Question 6.MF.1.1: In a one-dimensional collision, suppose the first object has...
In a one-dimensional collision, suppose the first object has mass m_{1}=1 kg and initial velocity v_{1 i}=3 m / s , whereas the second object has mass m_{2}=2 kg and initial velocity v_{2 i}=-3 m / s . Find the final velocities for the two objects. (For clarity, significant figure conventions are not observed here.)
Substitute the given values and X=v_{1 f} and Y=v_{2 f} into Equations 6.10 and 6.11, respectively, and simplify, obtaining
m_{1} v_{1 i}+m_{2} v_{2 i}=m_{1} v_{1 f}+m_{2} v_{2 f} [6.10]
\frac{1}{2} m_{1} v_{1} i^{2}+\frac{1}{2} m_{2} v_{2 i}{ }^{2}=\frac{1}{2} m_{1} v_{1} f^{2}+\frac{1}{2} m_{2} v_{2} f^{2} [6.11]

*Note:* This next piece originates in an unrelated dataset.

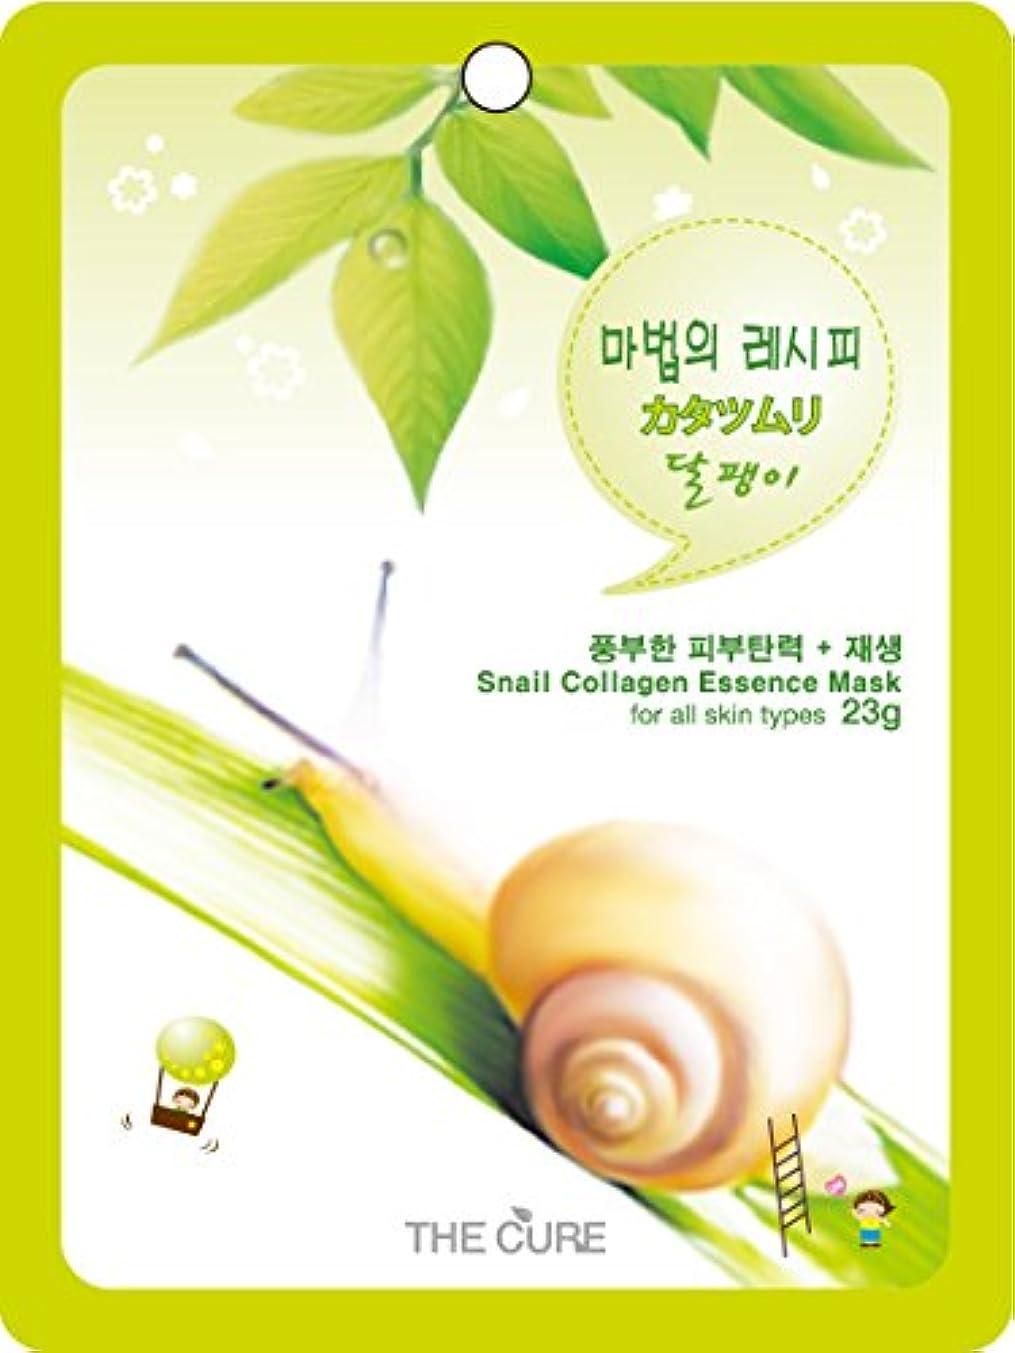 意気消沈したお茶高くカタツムリ コラーゲン エッセンス マスク THE CURE シート パック 100枚セット 韓国 コスメ 乾燥肌 オイリー肌 混合肌

\begin{gathered}-3=X+2 Y (1)\\27=X^{2}+2 Y^{2} (2)\end{gathered}
Equation (1) is that of a straight line, whereas Equation (2) describes an ellipse. Solve Equation (1) for X and substitute into Equation (2), obtaining 27 = (-3-2 Y)^{2}+2 Y^{2} , which can be simplified to
Y^{2}+2 Y-3=0
In general, the quadratic formula must now be applied, but this equation factors, giving Y=v_{2 f}= 1 m/s or -3 m/s. Only the first answer, 1 m/s, makes sense. Substituting it into Equation (1) yields
X=v_{1 f}=-5 m / s
It is also possible to use Equation 6.10 together with the derived Equation 6.14. This situation, illustrated in Example 6.5, is equivalent to finding the intersection of two straight lines. It’s easier to remember the equation for the conservation of energy than the special Equation 6.14, so it’s a good idea to be able to solve such problems both ways.
v_{1 i}-v_{2 i}=-\left(v_{1 f}-v_{2 f}\right) [6.14]